[Coq-Club] On the extraction and parametricity of random generators as sets of values

Gabriel Scherer

2018-06-22 20:50:47 UTC

The problem is that the "sem" function only considers the specialization of the RNG at "stream", but the result of "bindGen'" must evaluate "g" parametrically in the RNG "s".

What if you defined sem to be wider?

Definition sem value (g : G value) : value -> Prop :=
fun x => (exists s `(RNG s) r, g s _ r = x).

(This corresponds to making the soundness result hold trivially by
making both sides equal.)

One solution I'm thinking of is to make G a sigma carrying proofs of instances of that theorem.

Indeed it works. Given some well-chosen `same_stream` coinductive (see
at the end of this email), you can define

Record ParamG value := {
get : G value;
param : (forall s `(RNG s) rs rstream,
same_stream (stream_of s _ rs) rstream -> get s _ rs = get stream
_ rstream);
}.

and then prove soundness for ParamG. Using a parametricity plugin
might automatically derive the "param" proofs for the (G value)
combinators that you implement in practice. (It would derive the
binary version, saying you get equal values from any two RNGs whose
streams are the same).

----

Class RNG (s : Type) := {
next : s -> bool * s;
}.

CoInductive stream := Next : bool -> stream -> stream.
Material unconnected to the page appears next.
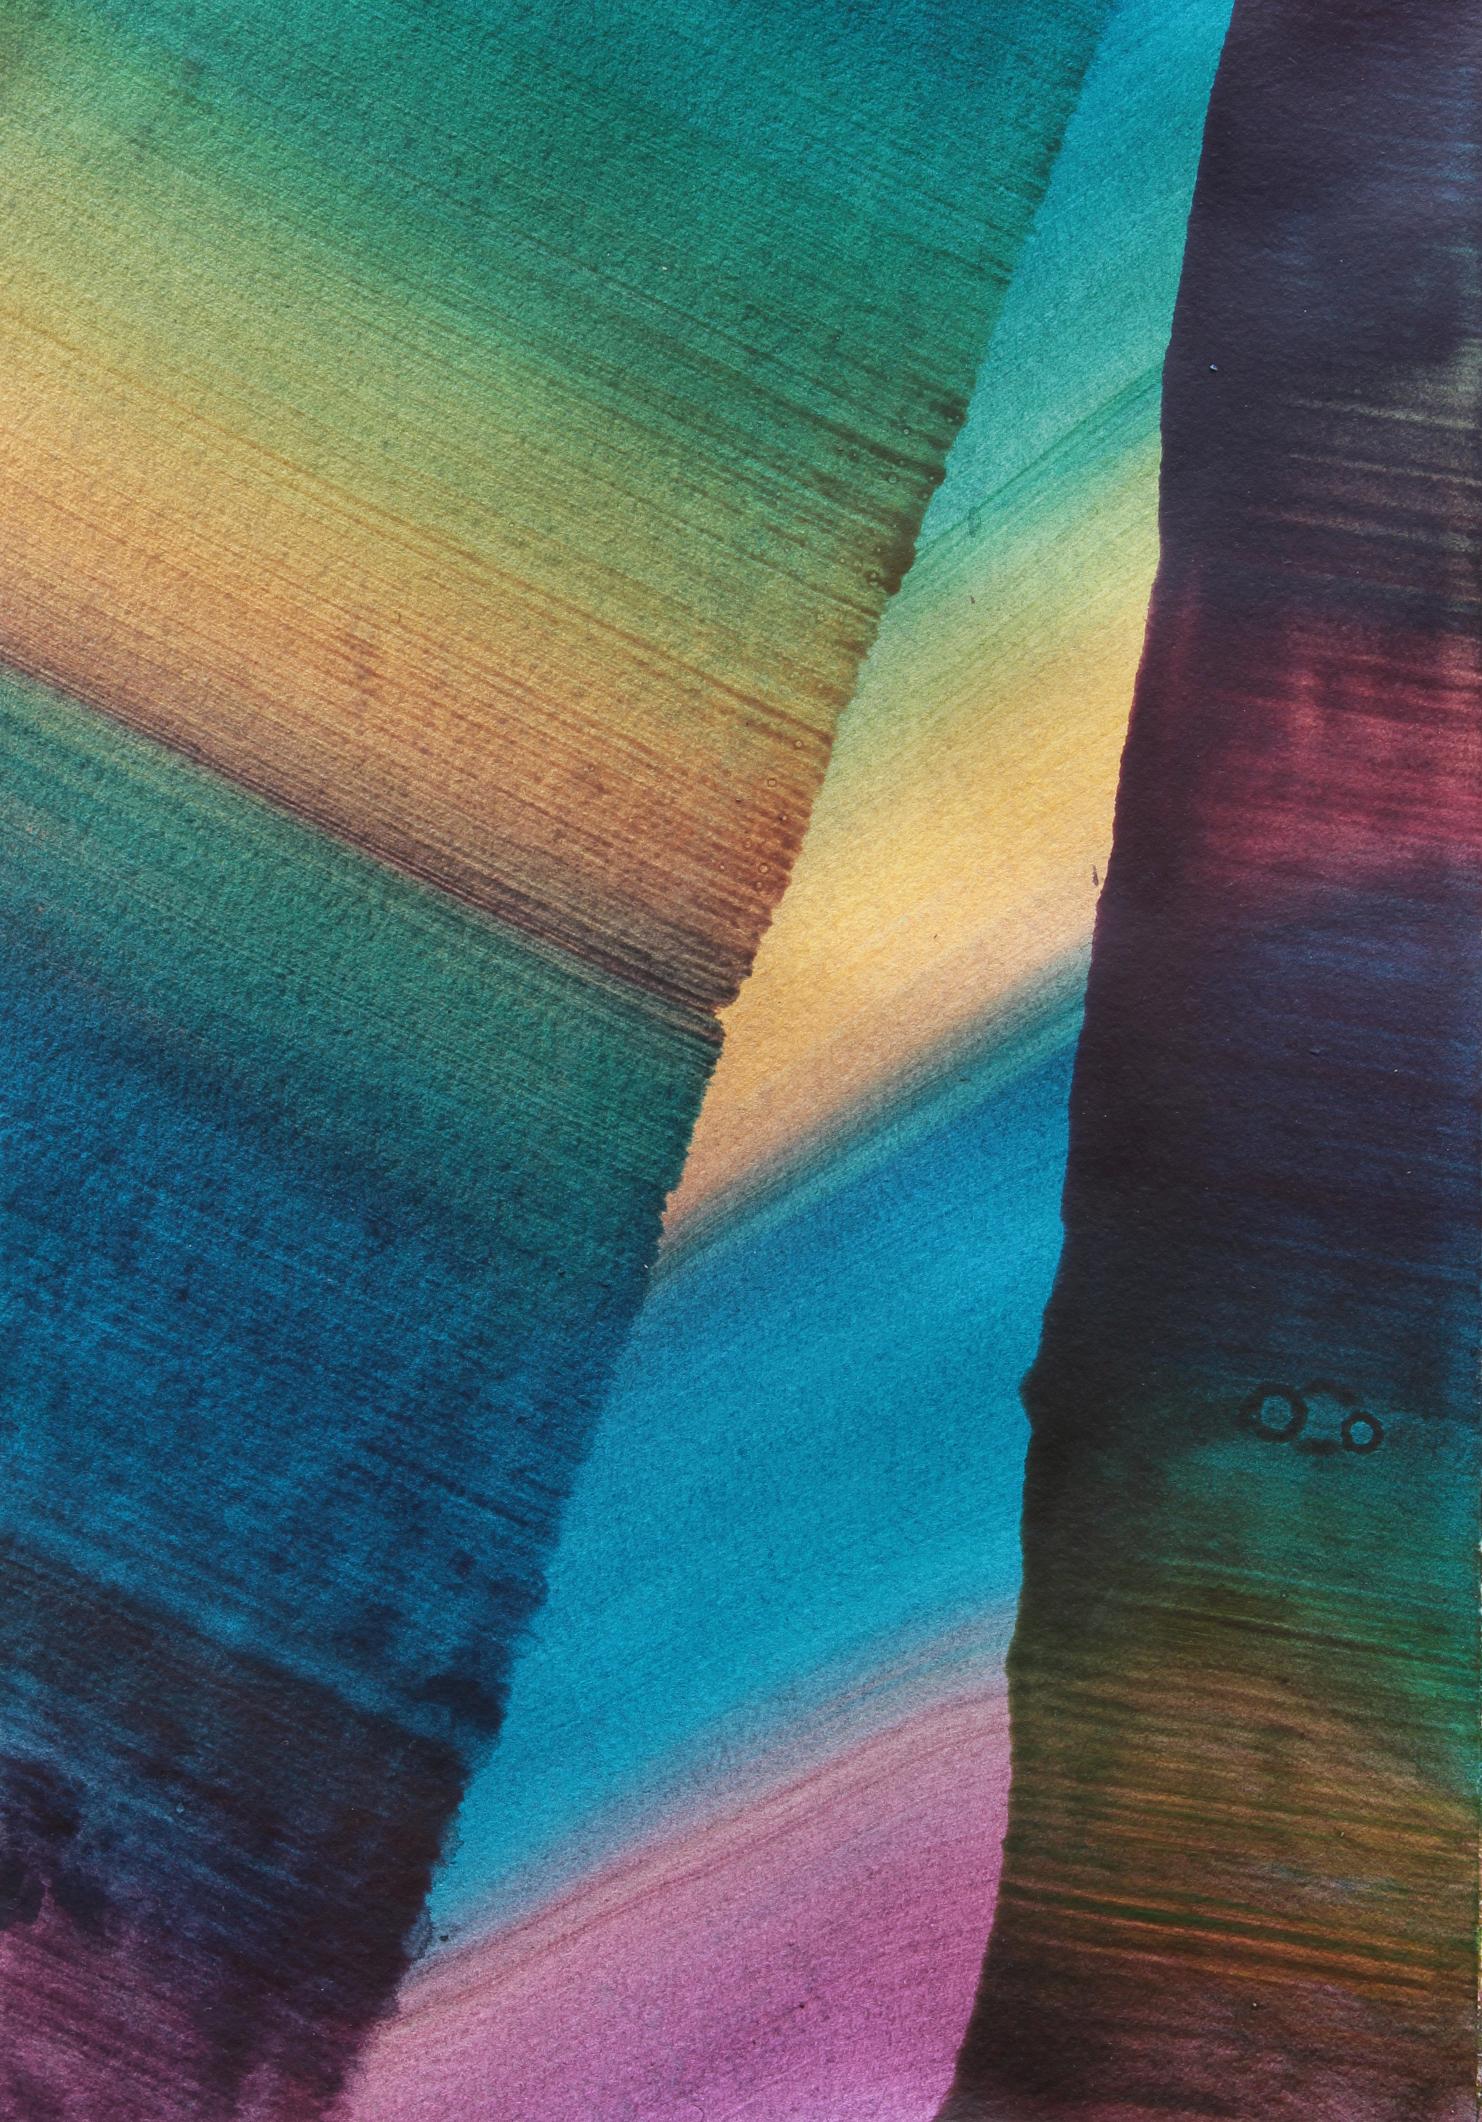 Sans titre 19 -  Série 2019, peinture abstraite contemporaine, légèreté des textiles

CoFixpoint stream_of s `(RNG s) (st : s) : stream :=
let '(b, st_next) := next st in
Next b (stream_of s _ st_next).

CoInductive same_stream : stream -> stream -> Prop :=
| Same : forall b1 r1 b2 r2,
b1 = b2 ->
same_stream r1 r2 ->
same_stream (Next b1 r1) (Next b2 r2)
.

CoFixpoint same_stream_refl : forall st, same_stream st st.
destruct st. constructor; auto.
Qed.

Definition G value := forall s `(RNG s), s -> value.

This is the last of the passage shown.